Pada prinsipnya berguru merupakan berbuat. Berbuat untuk merubah tingkah laku, jadi melaksanakan kegiatan. Tidak ada belajar, apabila tidak ada aktivitas. Itulah sebabnya acara merupakan prinsip atau asas yang sungguh penting di dalam interaksi belajar-mengajar (Sardiman, 2008: 96).
Menurut persepsi psikologi setiap akseptor didik cuma berguru 10% dari yang dibaca, 20 % dari yang didengar, 30 % dari yang dilihat, 50 % dari yang dilihat dan didengar, 70% dari yang dikatakan, dan 90 % dari yang dibilang dan dilaksanakan (Ramayulis, 2005: 99).

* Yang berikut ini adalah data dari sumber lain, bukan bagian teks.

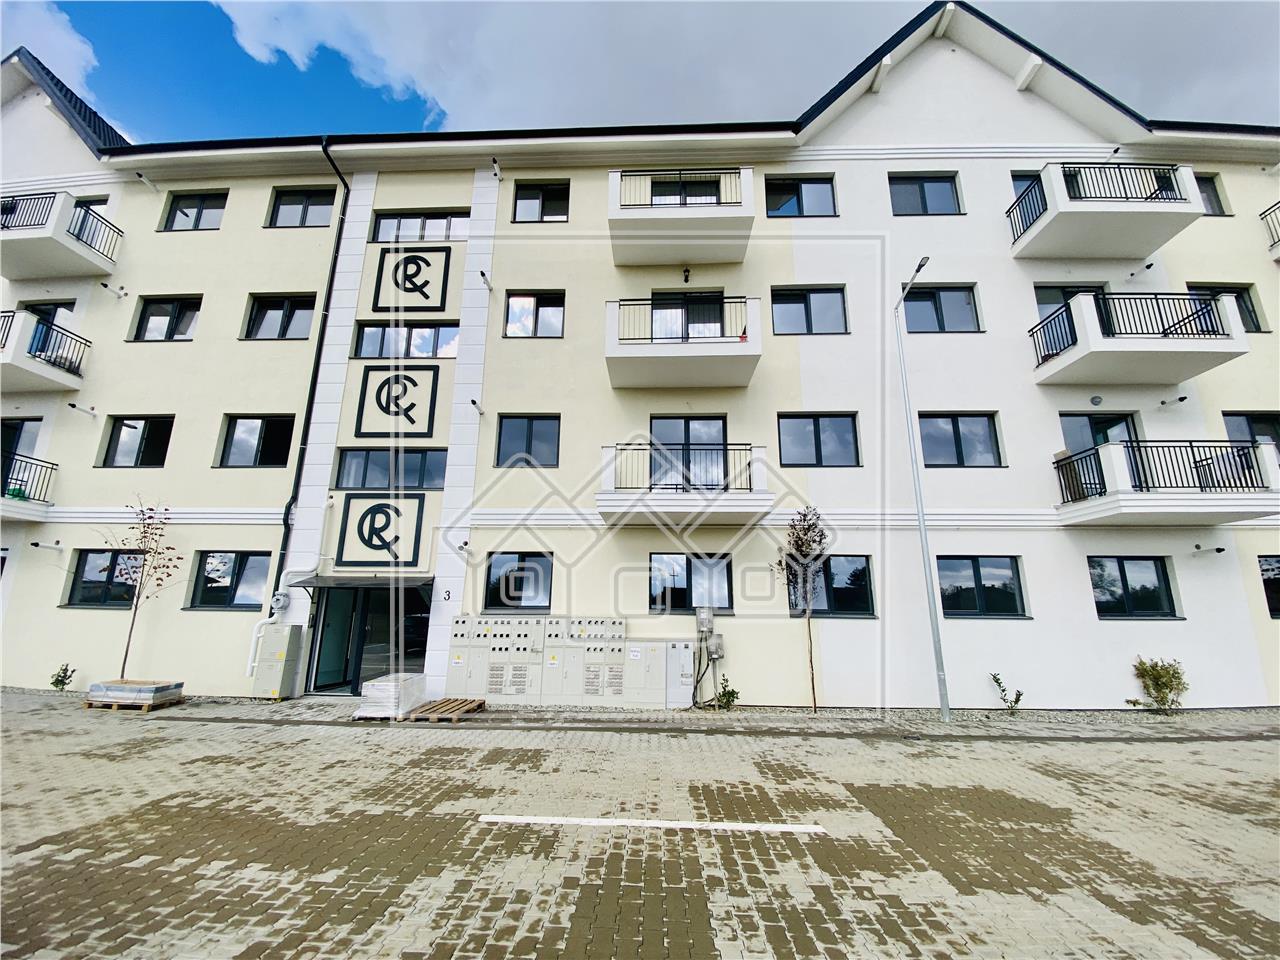 Studio for sale in Sibiu - detached - tabulated - speaker and parking
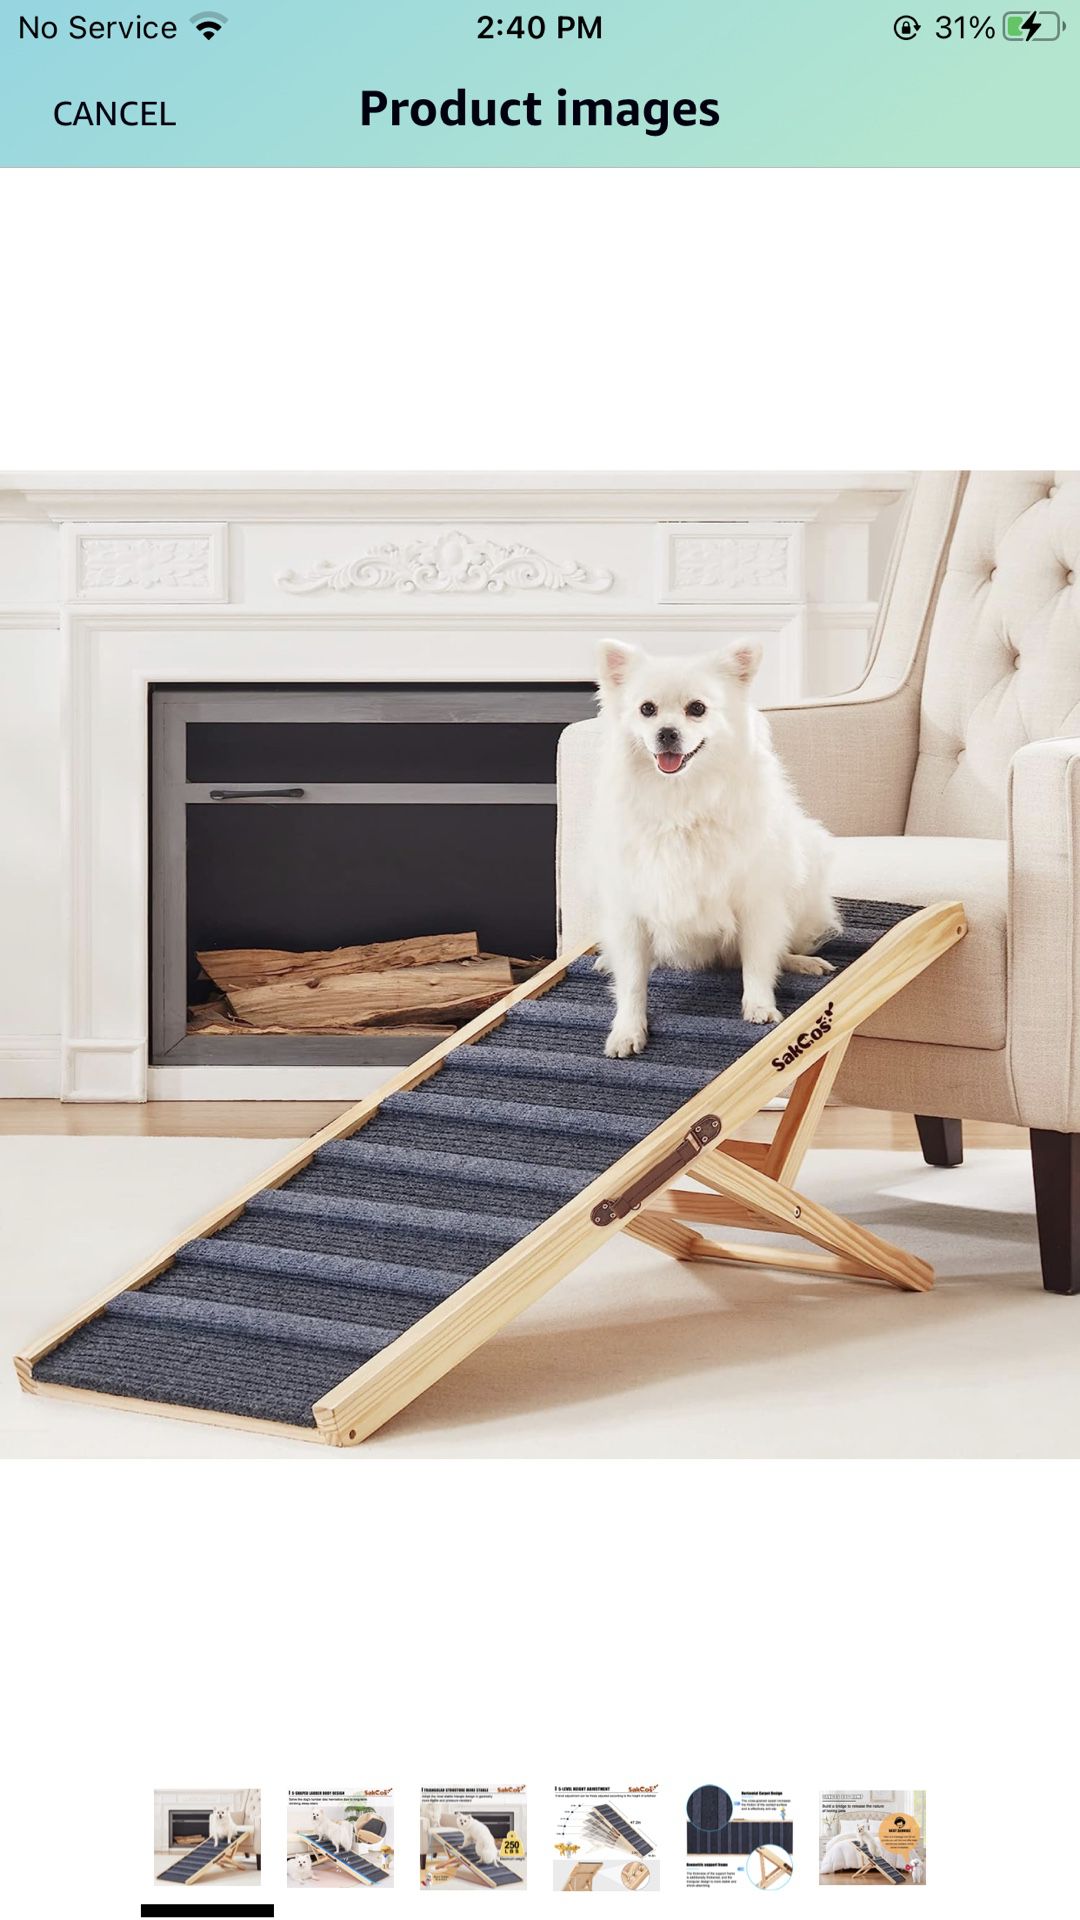 Sakgos Dog Ramp for Bed, Adjustable Pet Ramp for Couch, Dog Ramp for High Bed, Wooden Folding Portable Dog Cat Bed Ramp for Bed and Car, Non Slip Carp

Jean Jaques Rousseau, tokoh utama teori naturalisme, beropini bahwa anak memiliki sejumlah potensi atau kemampuan. mereka beranggapan bahwa individu bukan saja memiliki potensi atau kesanggupan untuk berbuat atau melaksanakan banyak sekali tugas, namun juga memiliki kemauan dan kesanggupan untuk berguru dan meningkat sendiri (Abuddin, 2012: 33).
Montessori sebagaimana dikutip Sardiman (2008: 96) juga memastikan bahwa belum dewasa memiliki tenaga-tenaga untuk meningkat sendiri, membentuk sendiri. Pendidik akan berperan pembimbing dan mengamati kemajuan anak didiknya. Pernyataan Montessori ini menampilkan isyarat bahwa yang lebih banyak melaksanakan acara di dalam pembentukan diri merupakan anak itu sendiri.
Kegiatan berguru lebih dipandang dari sisi prosesnya dari pada sisi perolehan wawasan dari fakta-fakta yang terlepas-lepas. Proses tersebut berupa “.... constructing and restructuring of knowledge and skills (schemata) within the perorangan in a complex network of increasing conceptual consistency.....”. dukungan makna terhadap objek dan pengalaman oleh individu tersebut tidak dilaksanakan secara sendiri-sendiri oleh siswa, melainkan lewat interaksi dalam jaringan kelas yang unik, yang terbentuk baik dalam budaya kelas maupun di luar kelas.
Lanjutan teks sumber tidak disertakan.